High School Agriculture Teacher
Grace Davis High School, Modesto
Stanislaus County



This interview was originally published in the May 2012 issue of CFAITC's e-newsletter, "Cream of the Crop."

How and when did you first learn of Ag in the Classroom?
I learned about Ag in the Classroom by searching the Internet for lesson plans my first year as a teacher. I became more familiar with CFAITC at different conferences such as the California Agricultural Teachers Association conference.
How long have you been teaching students and why did you choose to become an educator? This is my fifth year in the classroom. I started teaching because I wanted to make a difference.

What is your favorite AITC program/resource/event and why?
I loved San Francisco Farm Day! It is one of my goals to educate the young about where their food, clothes, shoes, toys, and candy (to name a few) come from. I love seeing their faces when they see something new or finally are able to see a real farm animal rather than a picture in a book or a stuffed animal someone gave them.

What is the most profound impact that agriculture education/awareness has had on you?
It is amazing to me how many students do not know where their food comes from. I will never forget the day I asked one of my classes where milk came from and I had a student raise their hand and say the store. This was a high school student that had made it to their sophomore year in high school, who had no idea that the milk they drank every day came from a cow.

Has agriculture continued to impact the way you educate students?
Very much so. I believe in the necessity of agriculture and I want to promote agriculture's future through tomorrow's leaders.

Tell us about one person who has most influenced your own education and educational career.
There are many who influenced my decision to teach: my husband, children, parents, and grandparents. I think that the students most influenced my decision to teach and to continue my educational career. If it had not been for the young people I met, when I volunteered as a parent, I am not sure I would have ended up in the classroom. I love teaching and I teach because I love the students.
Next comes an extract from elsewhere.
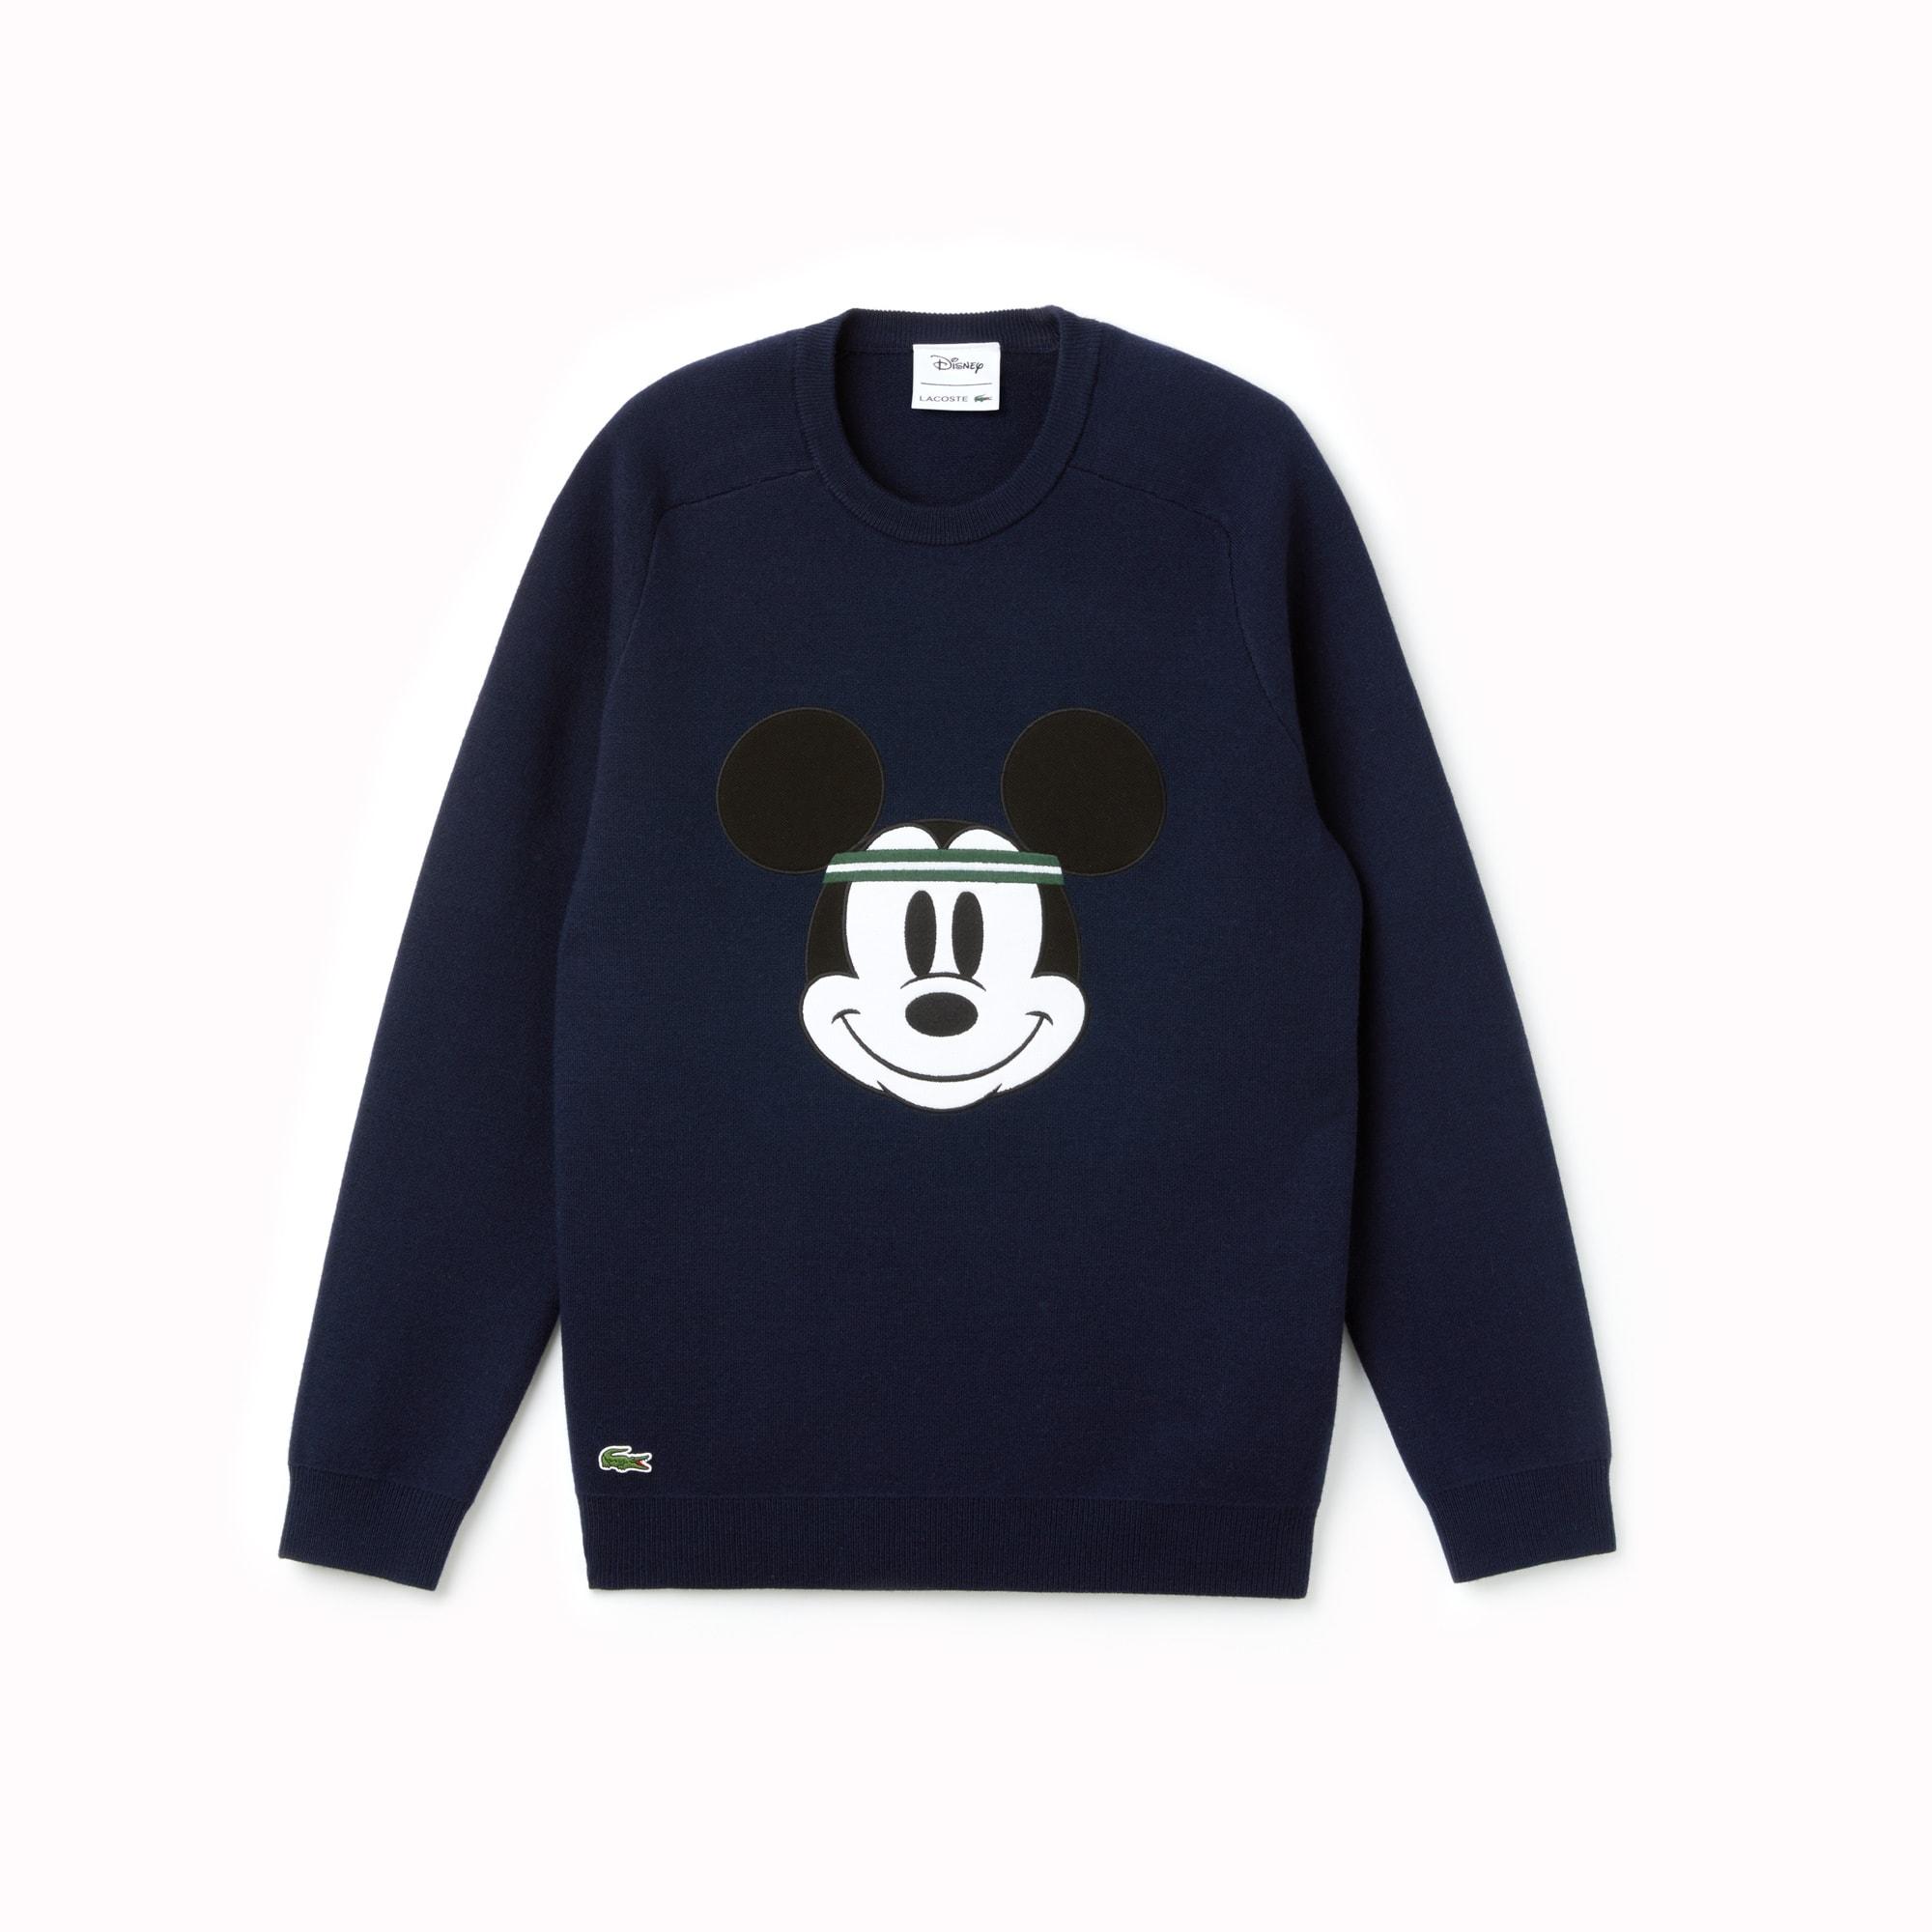 Men's Crew Neck Disney Mickey Embroidery Interlock Sweater by Lacoste

Tell us about a golden teaching moment.
It is hard for me to name just one, but I can tell you that I get as excited as my students when we hatch baby chicks, or when a project comes out the way we expected or when my students create beautiful floral arrangements. There is no better reward to a teacher than to have a past student come back and say they are where they are because of you. That is the best golden teaching moment a teacher can have.

Describe any agriculture-based projects you have been involved in lately.
We are hatching baby chicks, ducks and turkeys in our incubator at school. Students love holding the eggs up to the candler and seeing the chicks move inside of the shell. We have just bred four sows at the farm and have filled the farm with student project animals. We are getting prepared to do landscape plots and just finished mosaic stepping stones.
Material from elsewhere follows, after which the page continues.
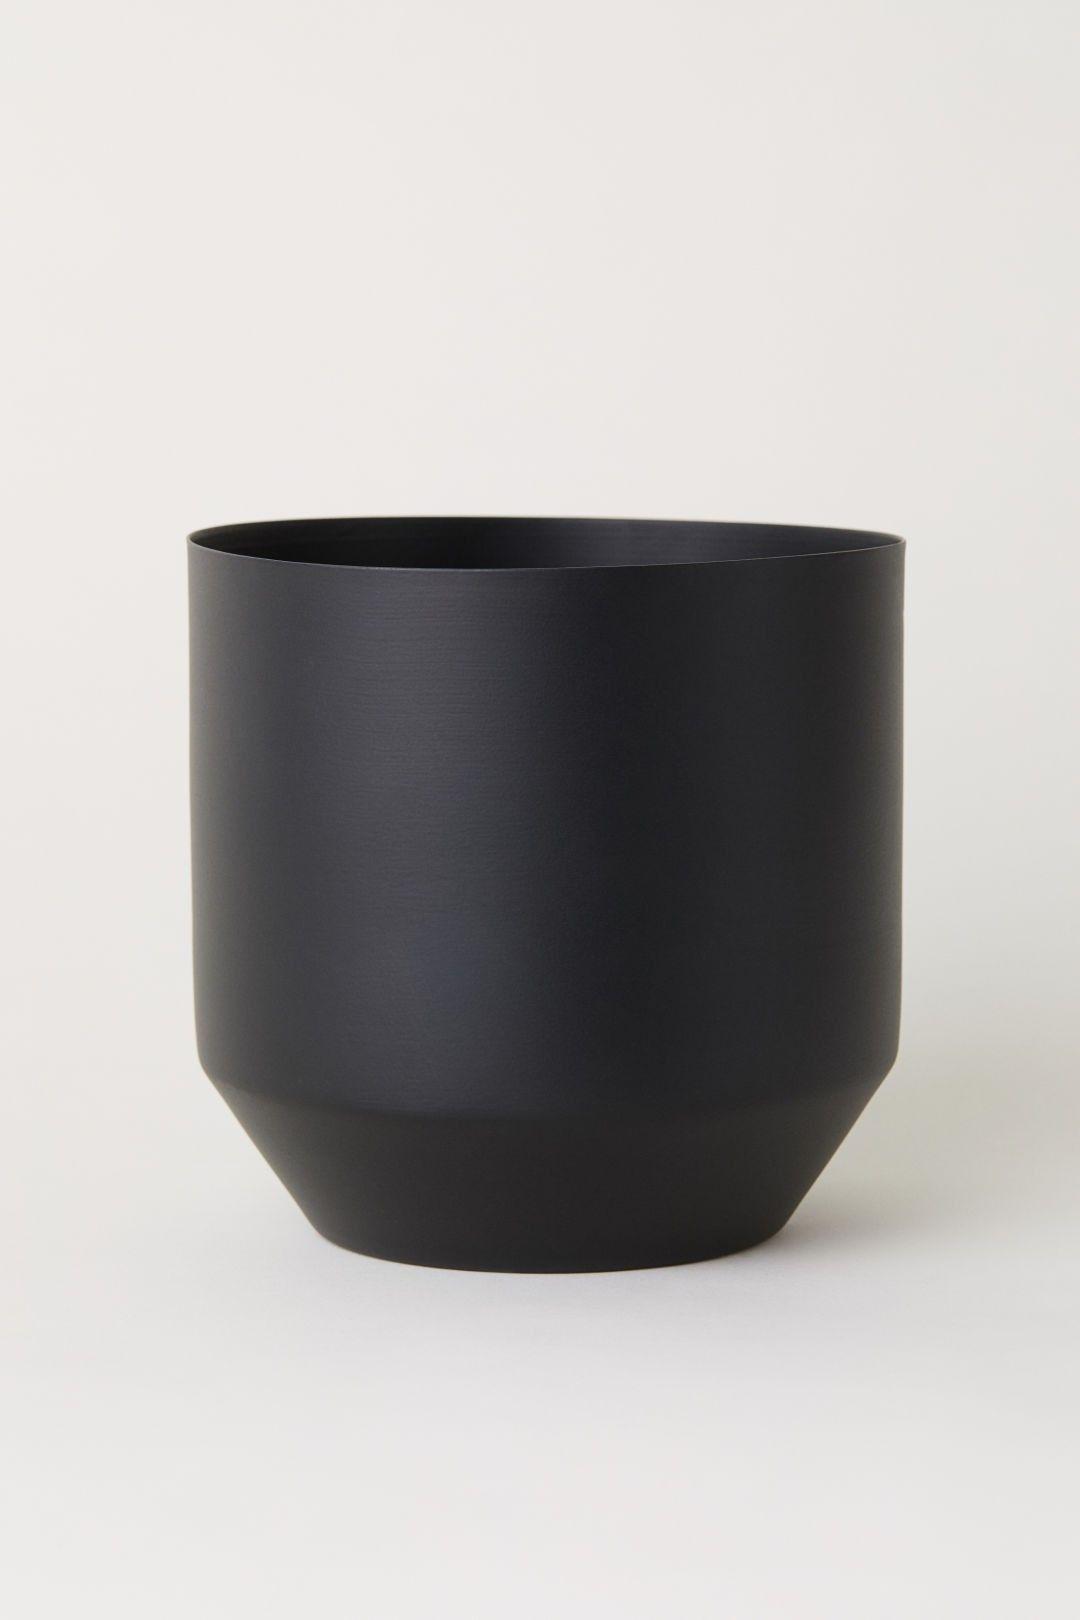 Stunning Design Eye Cather Pot Handmade Emerald Green Patterned Ceramic Pot

Do you have any advice for other teachers on implementing agriculture into the classroom?
Most lessons can be turned into an ag lesson. Take every opportunity you can to teach agriculture. Agriculture is the backbone of our country and none of us would be where we are today without agriculture. It is as simple as doing a lesson on weights and measures. Weigh a potato, orange, banana and a tomato, and as you are weighing them ask students where they come from and how they are grown. Are they a vine crop? Is one a root? We can all implement agriculture with a little creativity.
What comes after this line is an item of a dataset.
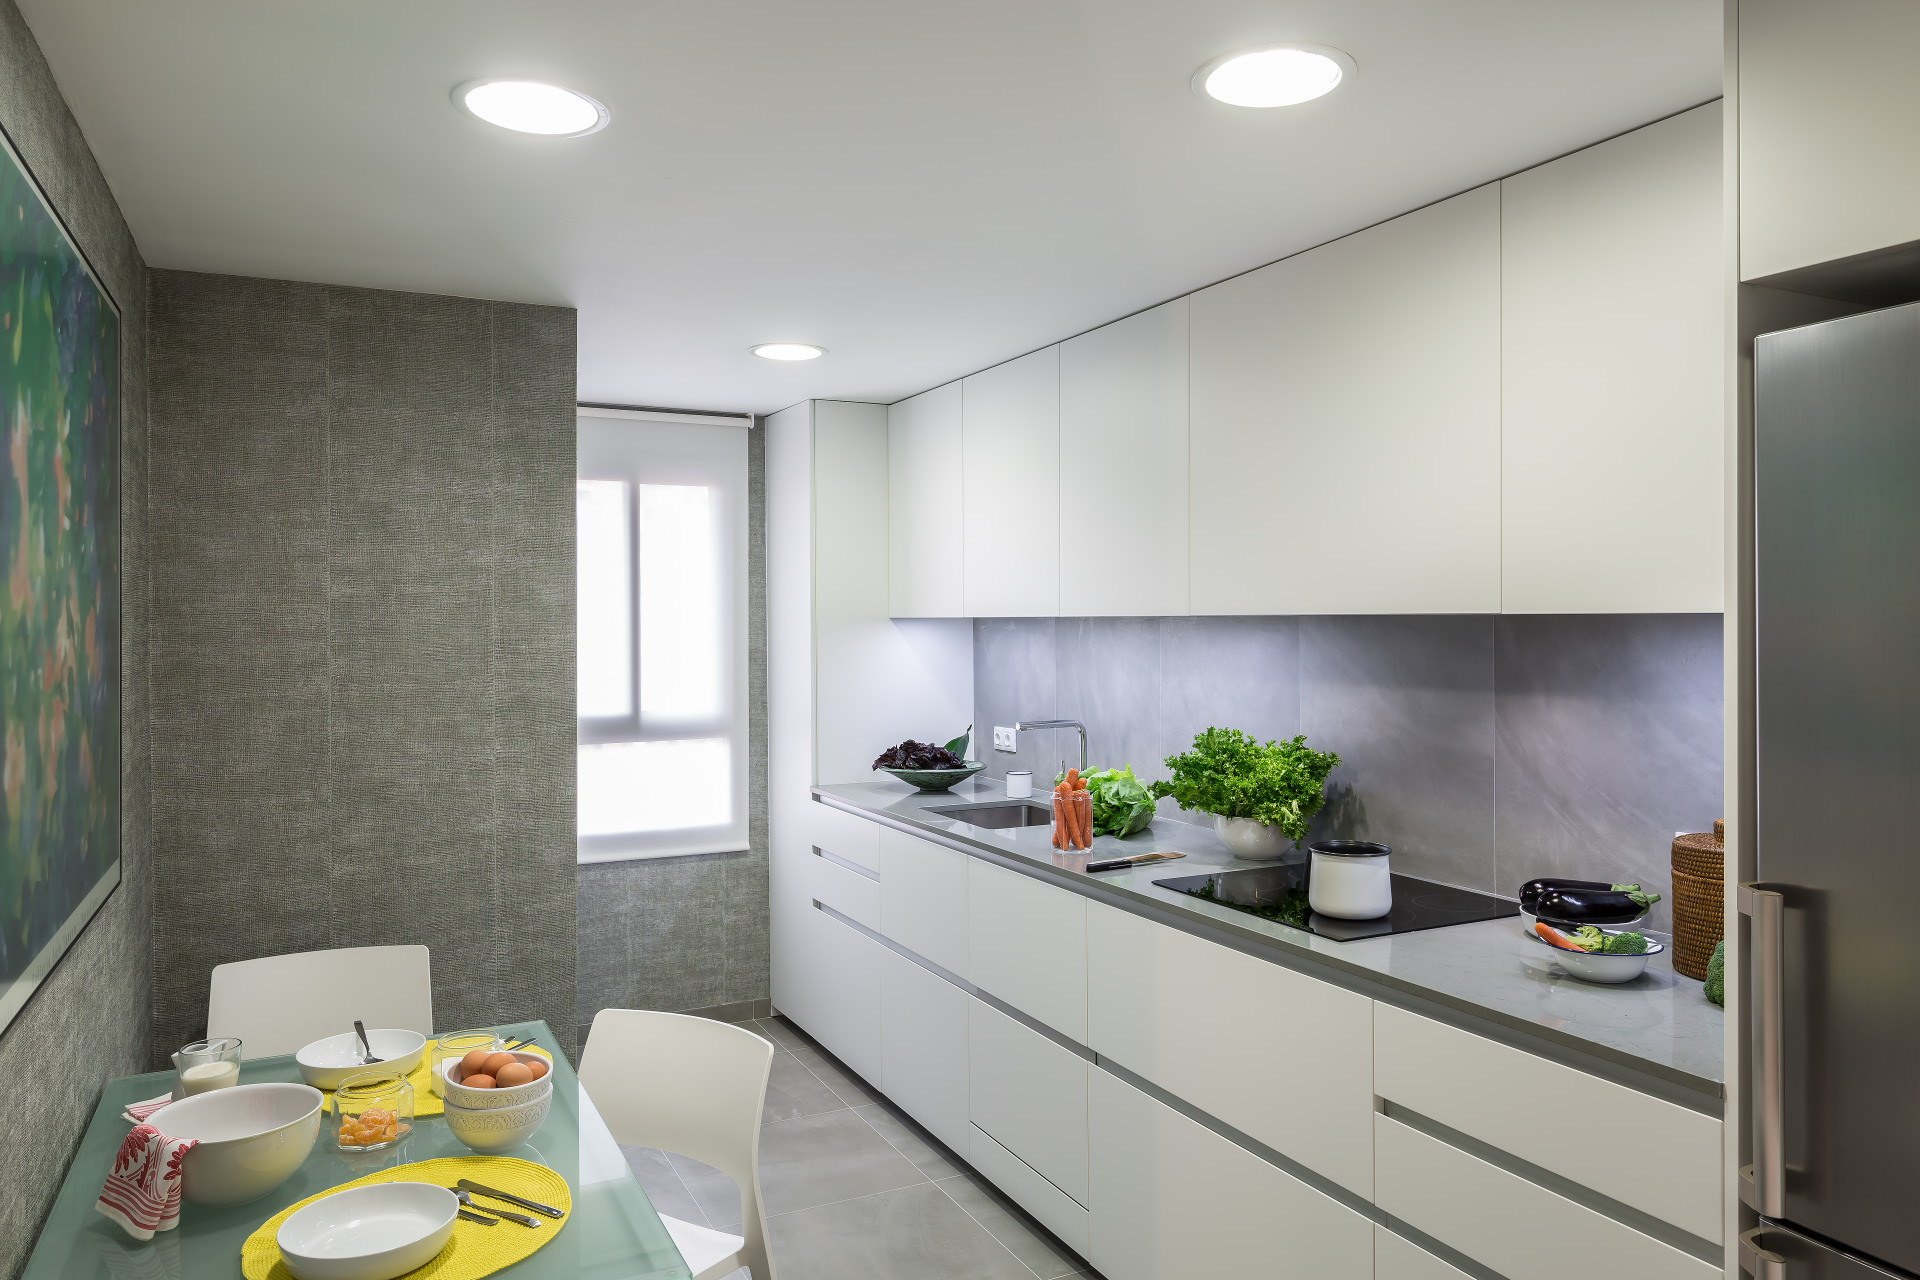 fotografia-arquitectura-interiorismo-valencia-german-cabo-laura-yerpes-mandas (15)

Why do you believe it is important for our students to be agriculturally literate and aware in today's society?
We need to educate our students about agriculture, sustainability, global warming and other issues that will affect their future. Without agriculture we have global warming; without sustainability we have no agriculture. We need to make our students literate so they can lead in the future. We also need to educate them so they are able to make decisions regarding developing farmland. What every teacher needs to remember is that the students of today are the leaders of tomorrow.